We achieve this result in two stages: First, we conduct a data-driven study on drivers’ gaze fixations under different circumstances and scenarios. The study concludes that the semantic of the scene, the speed and bottom-up features all influence the driver’s gaze. Second, we advocate for the existence of common gaze patterns that are shared among different drivers. We empirically demonstrate the existence of such patterns by developing a deep learning model that can profitably learn to predict where a driver would be looking at in a specific situation.
|(a) RGB frame||(b) optical flow|
|(c) semantic segmentation||(d) predicted map|
To this aim we recorded and annotated 555,000 frames (approx. 6 hours) of driving sequences in different traffic and weather conditions: the DR(eye)VE dataset. For every frame we acquired the driver’s gaze through an accurate eye tracking device and registered such data to the external view recorded from a roof-mounted camera.
The DR(eye)VE data richness enables us to train an end-to-end deep network that predicts salient regions in car-centric driving videos. The network we propose is based on three branches which estimate attentional maps from a) visual information of the scene, b) motion cues (in terms of optical flow) and c) semantic segmentation (Fig. 1).
In contrast to the majority of experiments, which are conducted in controlled laboratory settings or employ sequences of unrelated images [68, 11, 30], we train our model on data acquired on the field.
Final results demonstrate the ability of the network to generalize across different day times, different weather conditions, different landscapes and different drivers.
Eventually, we believe our work can be complementary to the current semantic segmentation and object detection literature[76, 70, 45, 13, 44] by providing a diverse set of information. According to , the act of driving combines complex attention mechanisms guided by the driver’s past experience, short reactive times and strong contextual constraints. Thus, very little information is needed to drive if guided by a strong focus of attention (FoA) on a limited set of targets: our model aims at predicting them.

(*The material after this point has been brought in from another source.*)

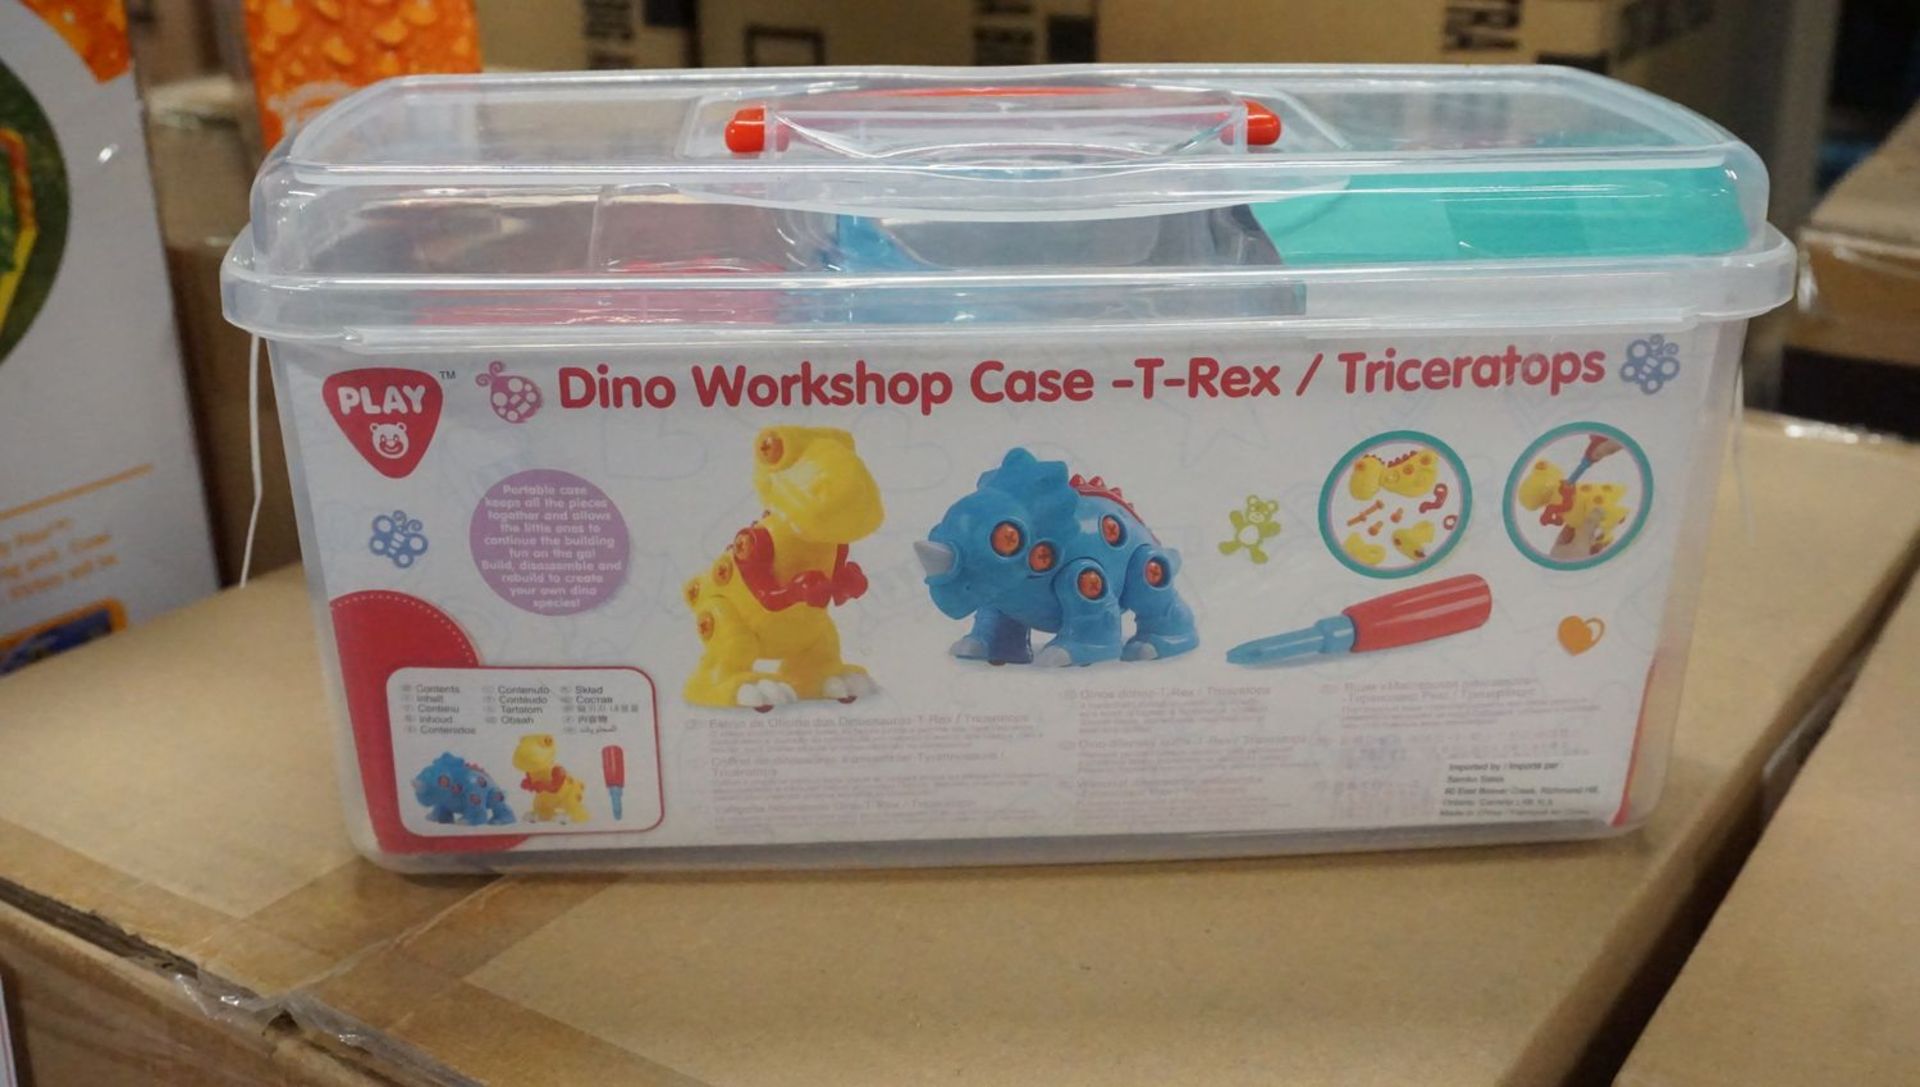 UNITS - PLAY DINO WORKSHOP CASE - T-REX / TRICERATOPS - Image 3 of 3

The paper is organized as follows. In Sec. 2, related works about computer vision and gaze prediction are provided to frame our work in the current state-of-the-art scenario. Sec. 3 describes the DR(eye)VE dataset and some insights about several attention patterns that human drivers exhibit. Sec. 4 illustrates the proposed deep network to replicate such human behavior, and Sec. 5 reports the performed experiments.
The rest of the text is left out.